> _How to complete this task_
I'd like the data beneath this line reproduced exactly, without any of its images.

> _Dataset content_
- - - - -
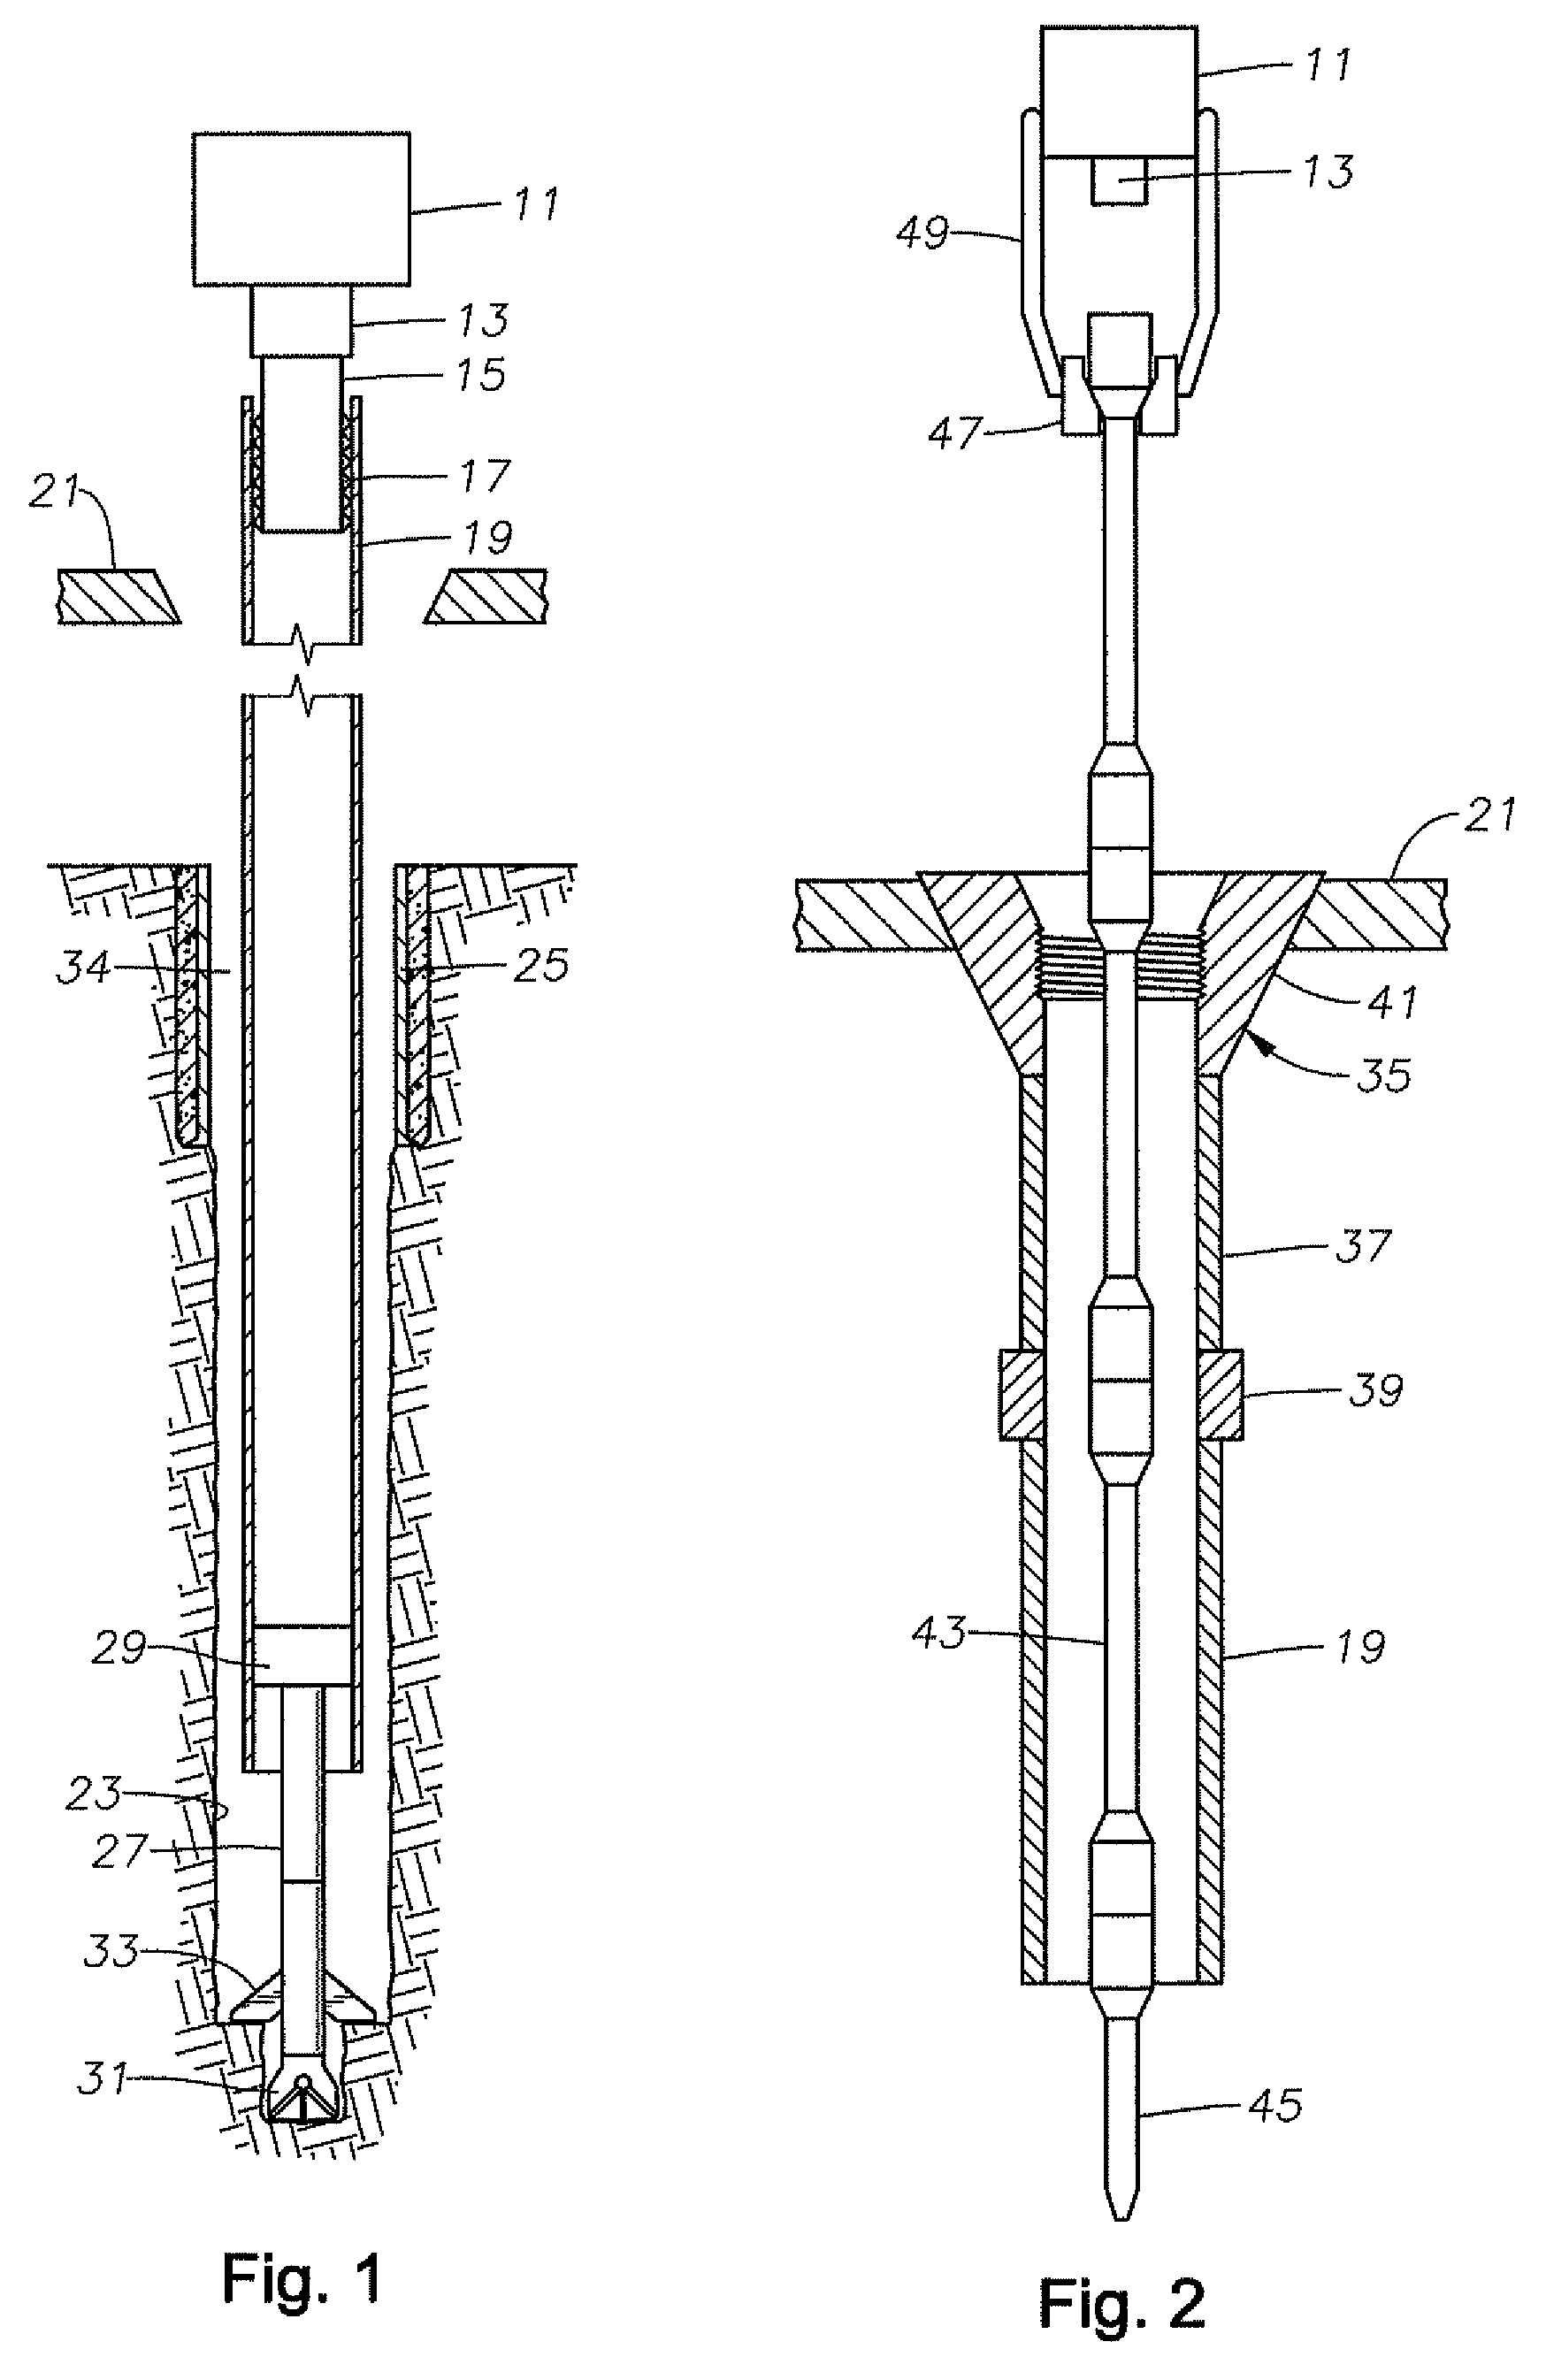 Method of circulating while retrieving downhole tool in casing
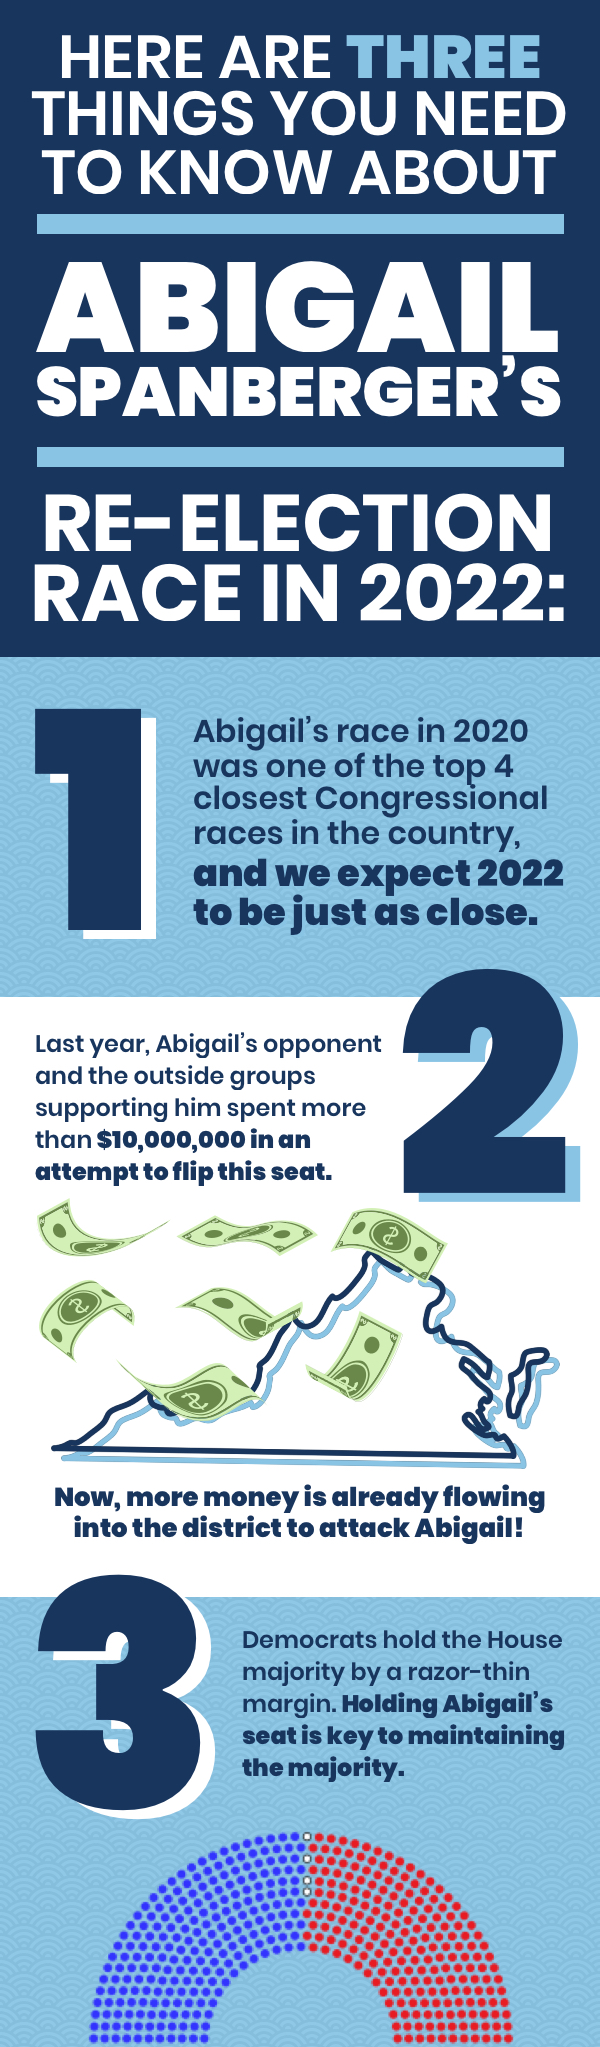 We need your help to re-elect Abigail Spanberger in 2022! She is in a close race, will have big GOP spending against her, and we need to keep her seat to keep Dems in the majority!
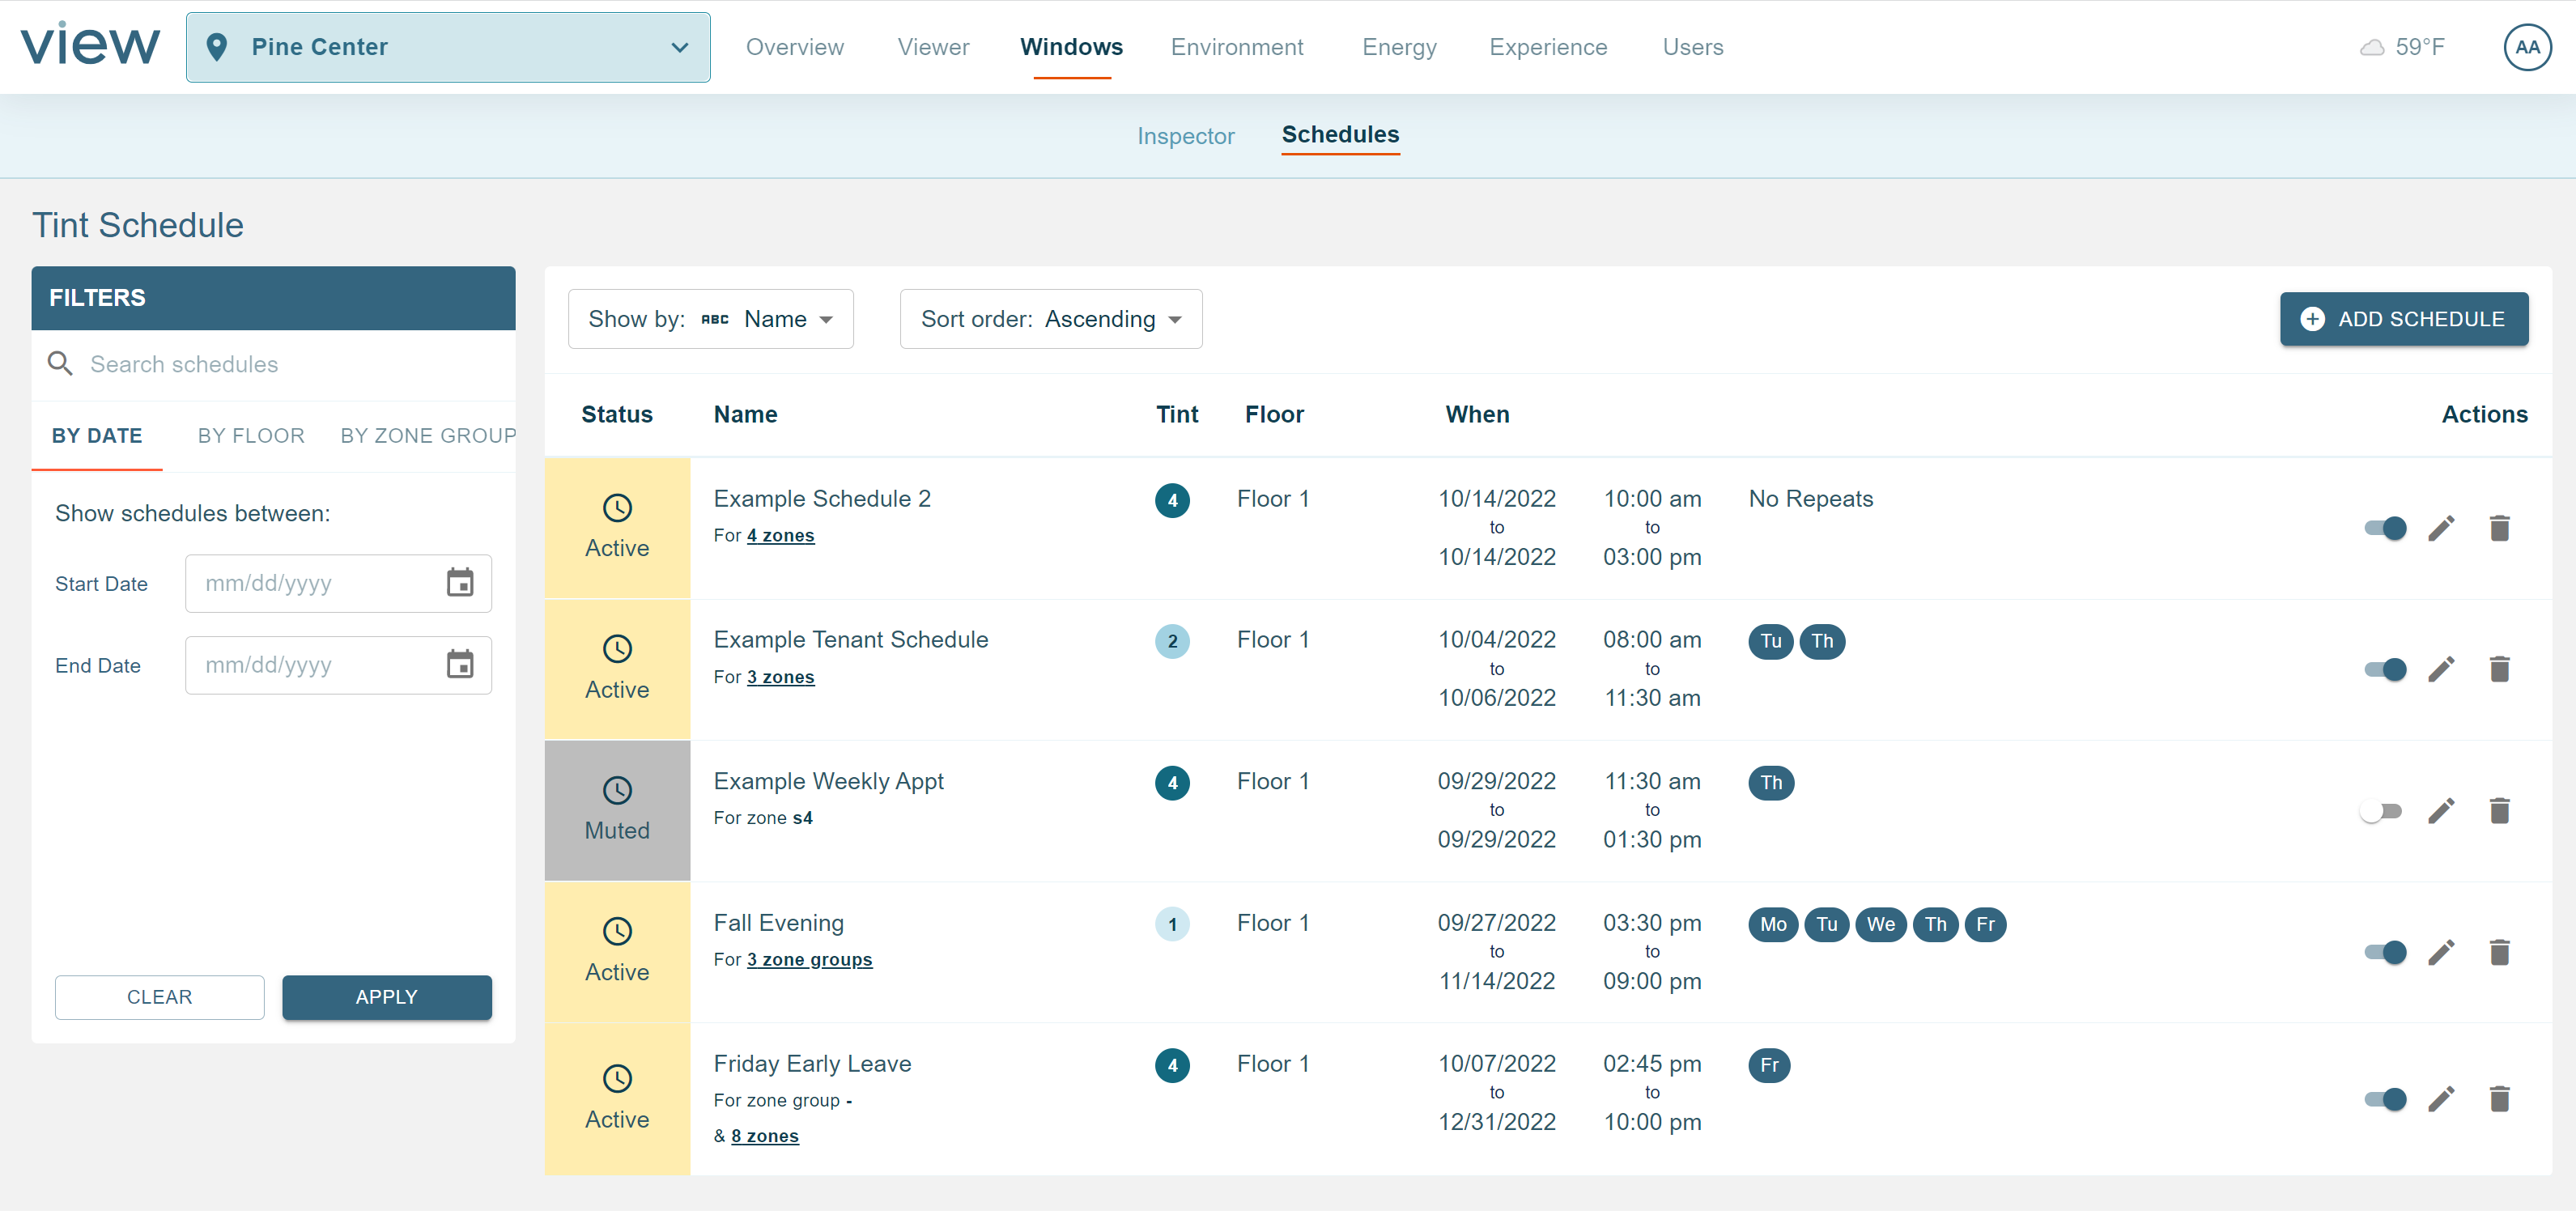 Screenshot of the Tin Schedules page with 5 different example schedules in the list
- - - - -
> _Output for this task_
 Method of circulating while retrieving downhole tool in casing
 We need your help to re-elect Abigail Spanberger in 2022! She is in a close race, will have big GOP spending against her, and we need to keep her seat to keep Dems in the majority!
 Screenshot of the Tin Schedules page with 5 different example schedules in the list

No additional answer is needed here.